§ **Your objective**: Exclude the pictures, and otherwise reproduce the data in full.

§ **Information provided**:
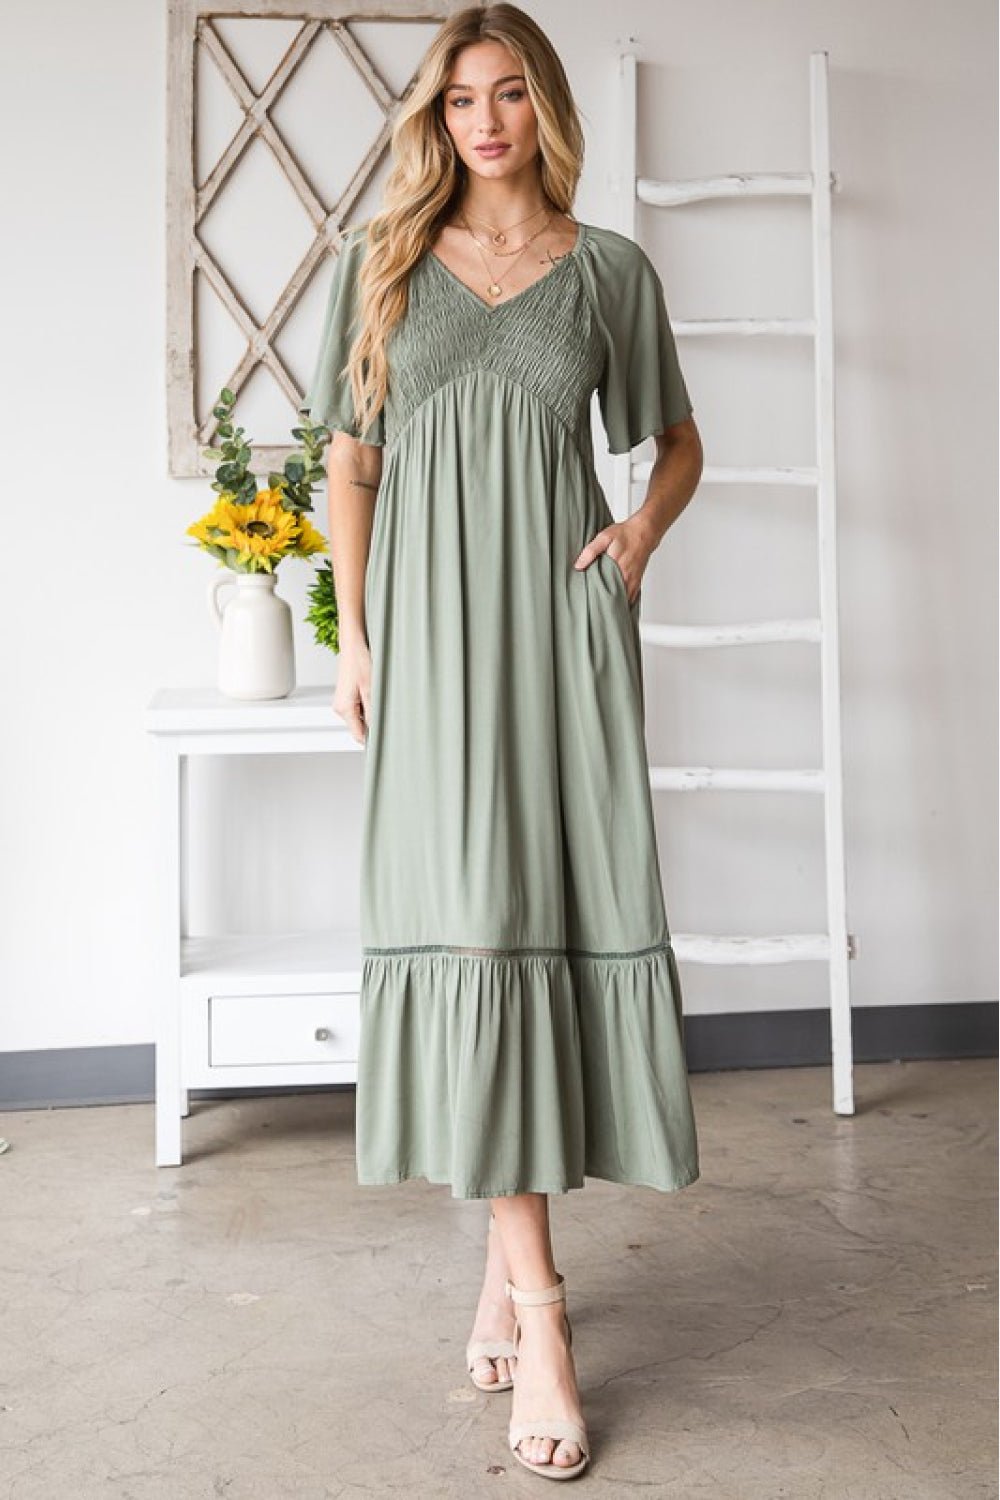 HEYSON Full Size Smocked Pocket Midi Dress in Sage - Fashion Girl Online Store
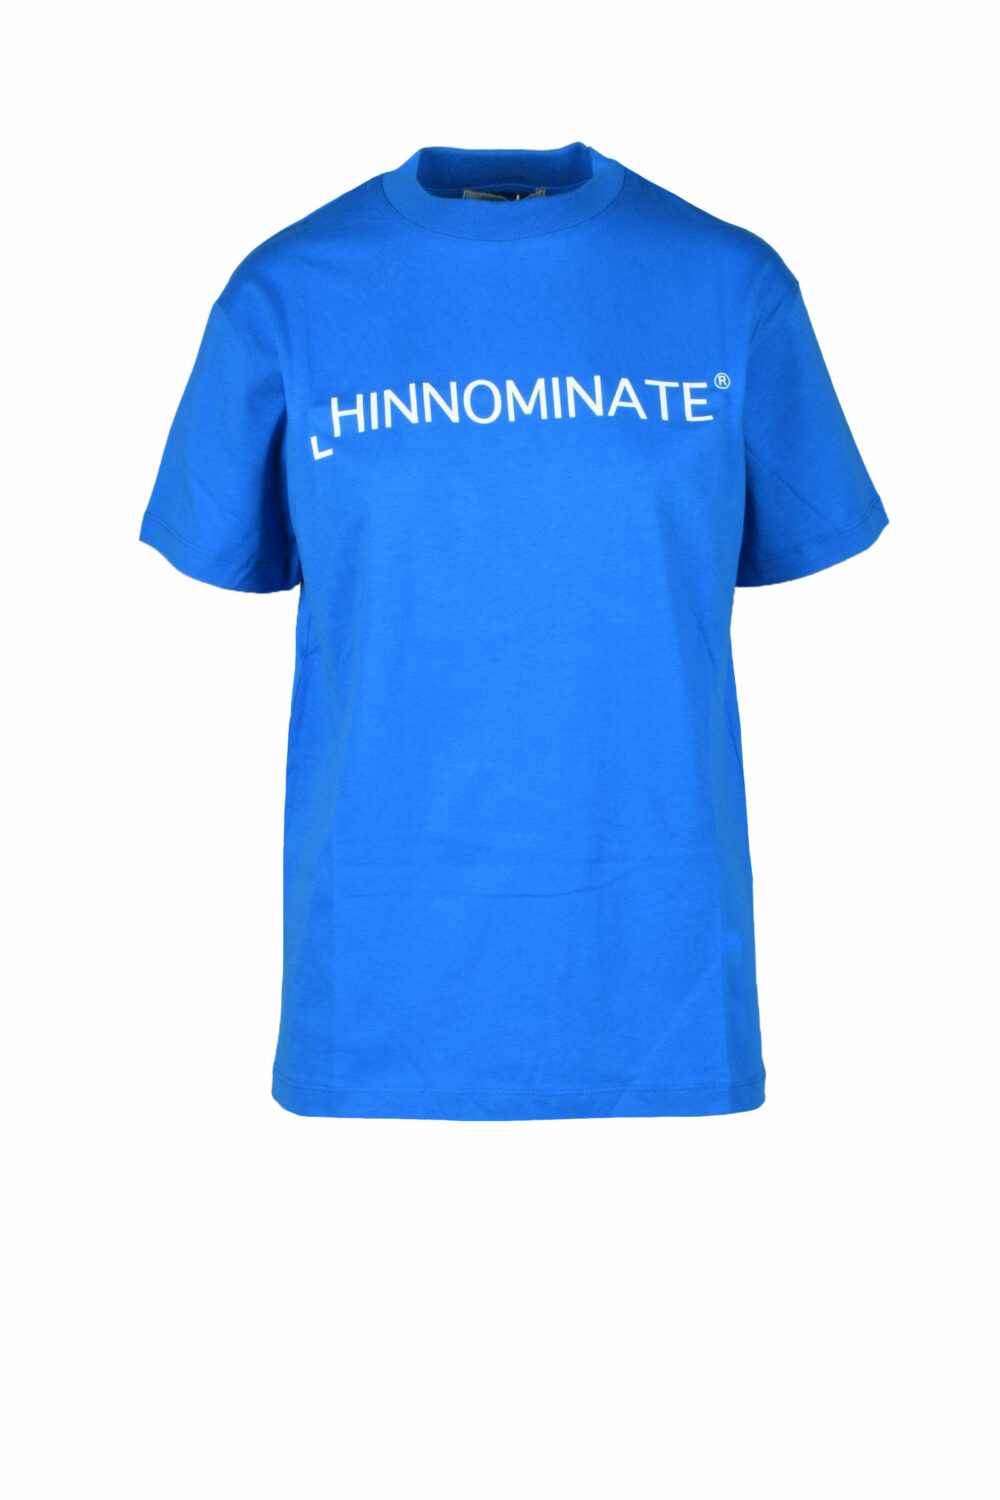 T-shirt Hinnominate Azzurro - Foto 1
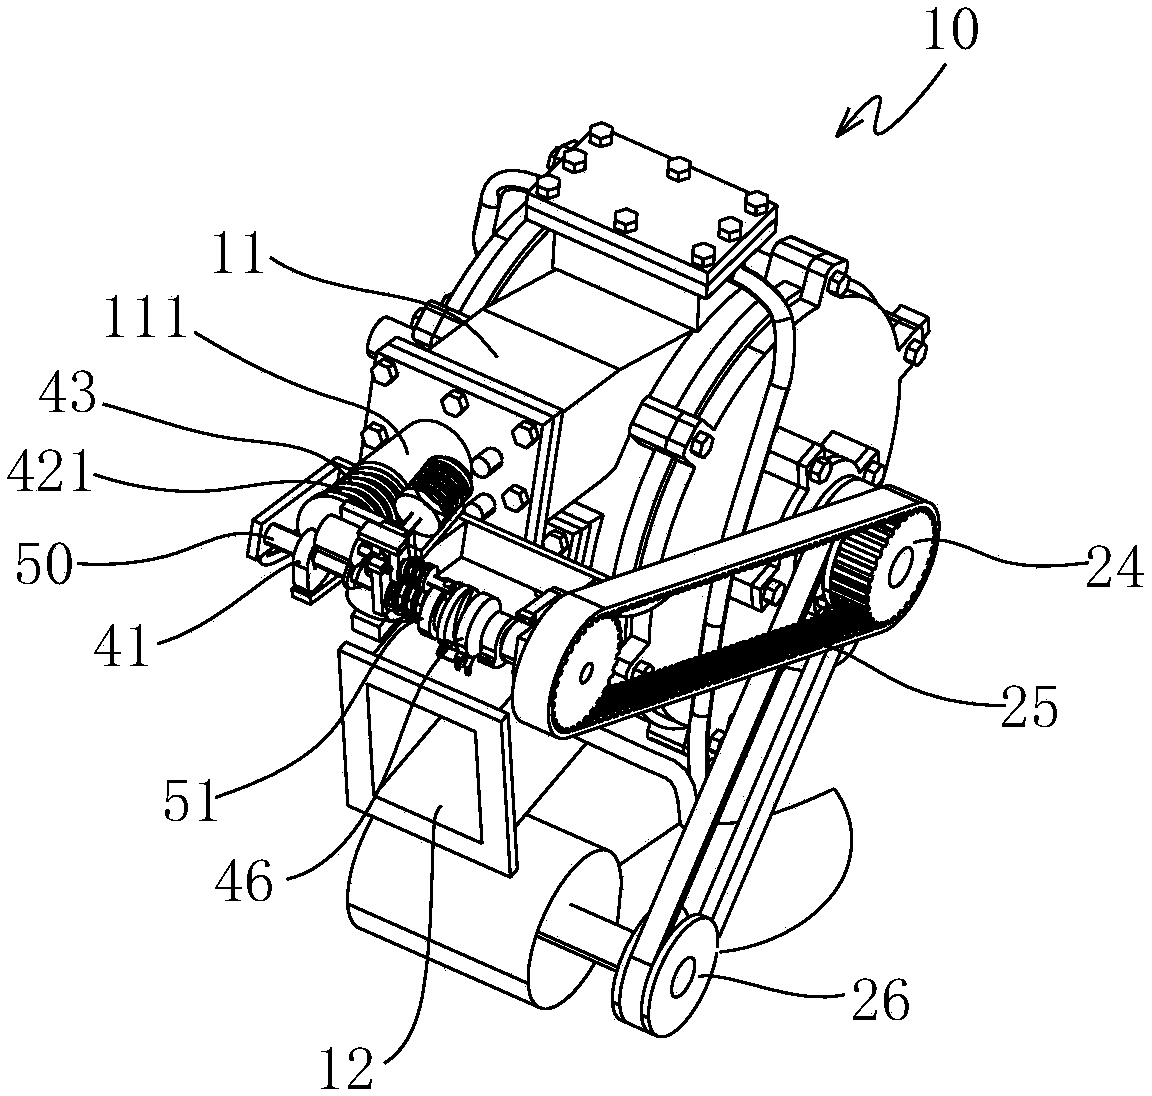 Intake mechanism of rotary engine

§ **Answer section**:
 HEYSON Full Size Smocked Pocket Midi Dress in Sage - Fashion Girl Online Store
 T-shirt Hinnominate Azzurro - Foto 1
 Intake mechanism of rotary engine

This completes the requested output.